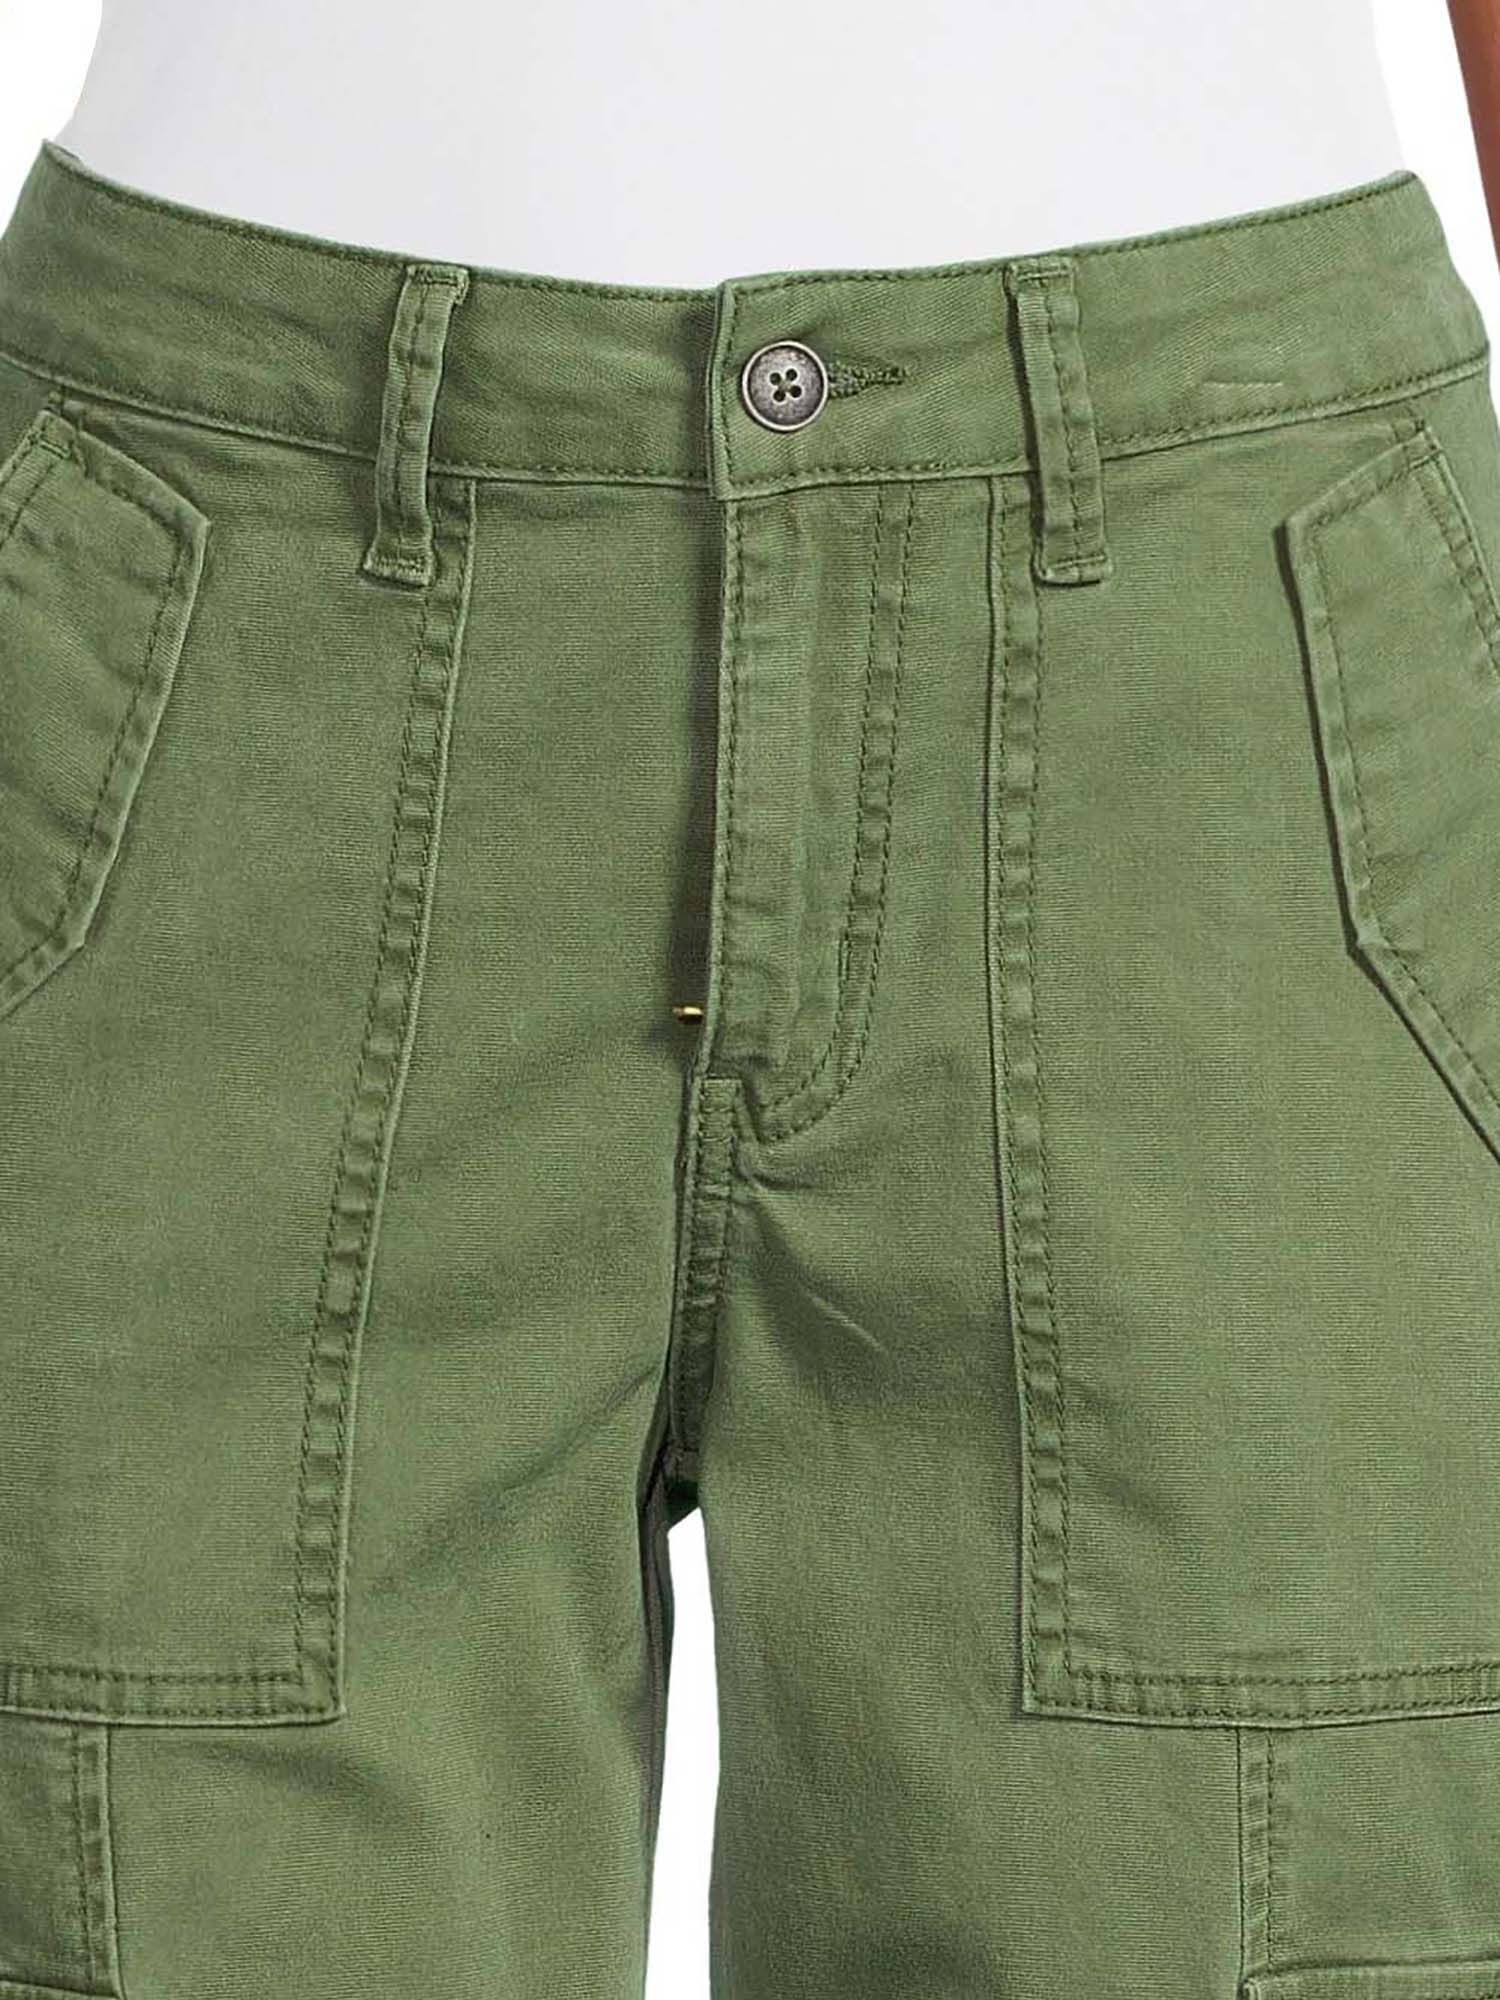 Time and Tru Women's Cargo Pants - image 4 of 5
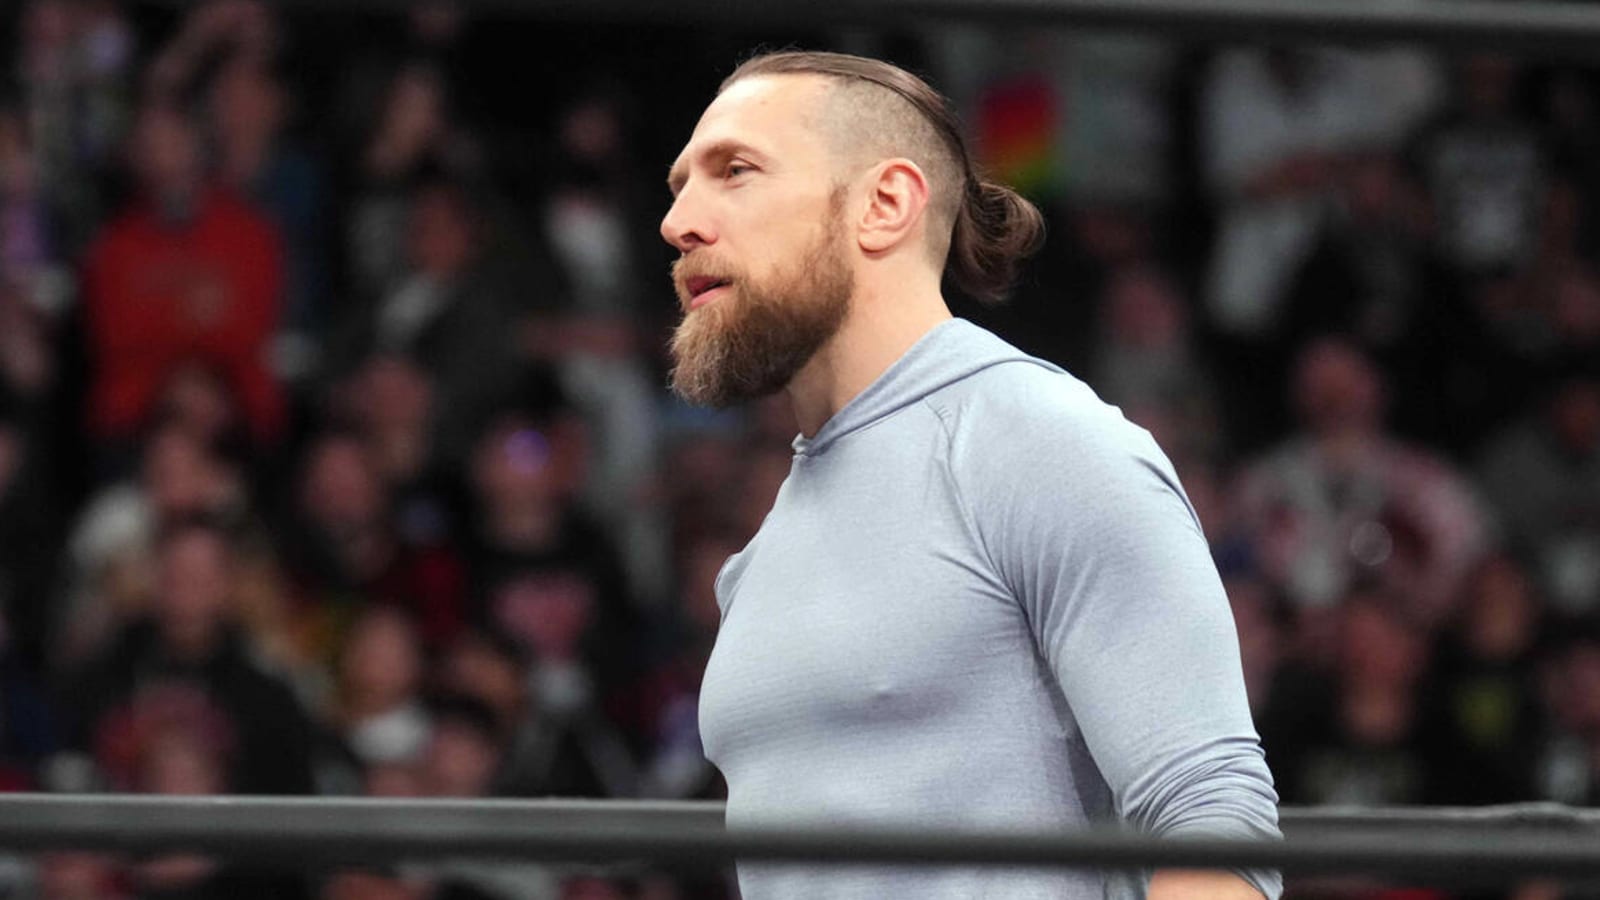 Bryan Danielson reveals when his AEW contract is up
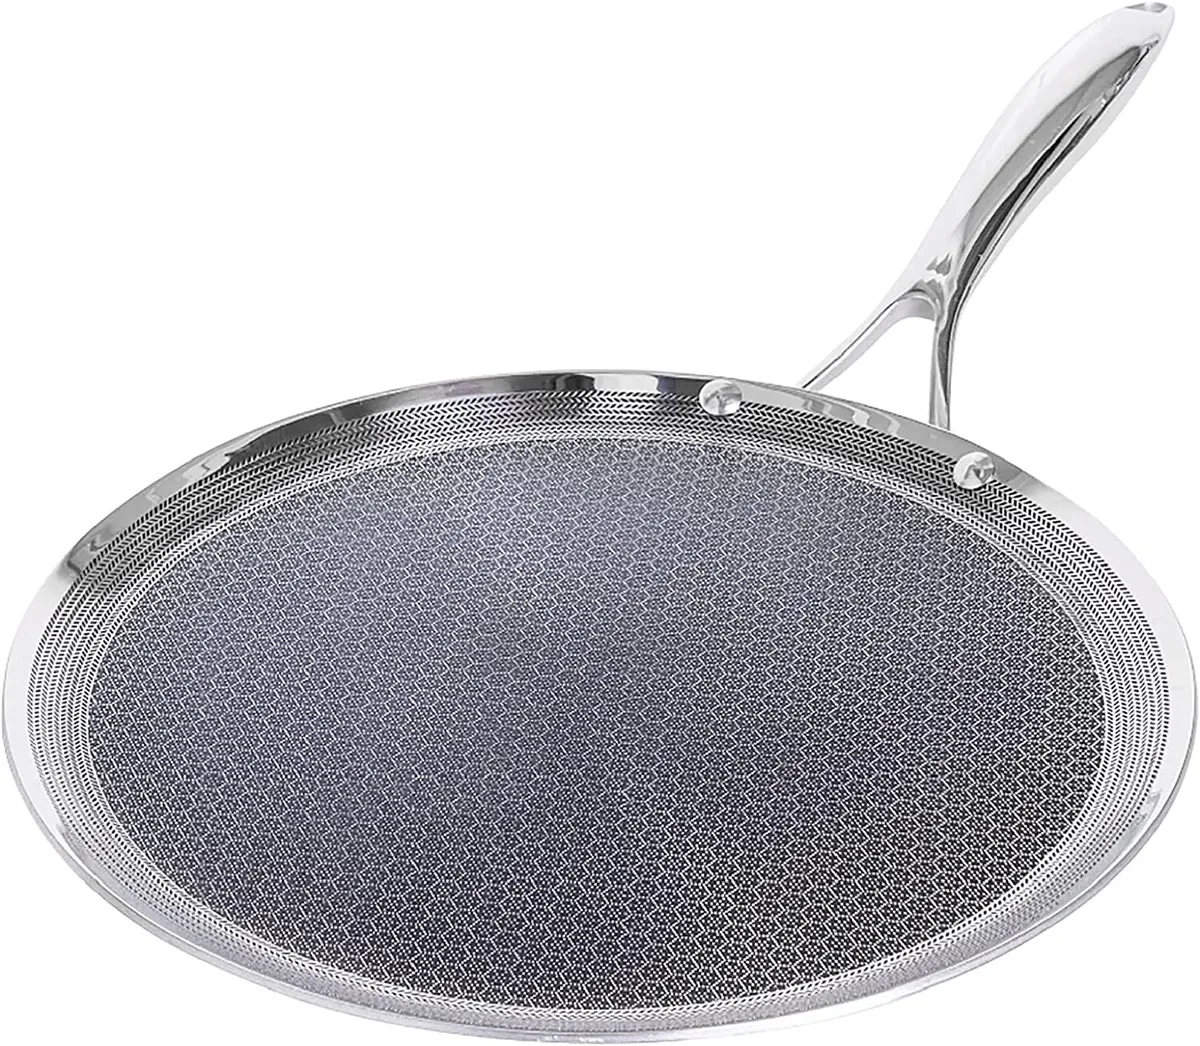  HexClad 12 Inch Hybrid Stainless Steel Frying Pan with  Stay-Cool Handle (Frying Pan): Home & Kitchen
○ ○ ○ ○
INSTRUCTIONS FOR THE TASK: What's needed is a word-for-word retyping of the listing, minus its pictures.

ANSWER TO THIS TASK:
 Time and Tru Women's Cargo Pants - image 4 of 5
 Bryan Danielson reveals when his AEW contract is up
  HexClad 12 Inch Hybrid Stainless Steel Frying Pan with  Stay-Cool Handle (Frying Pan): Home & Kitchen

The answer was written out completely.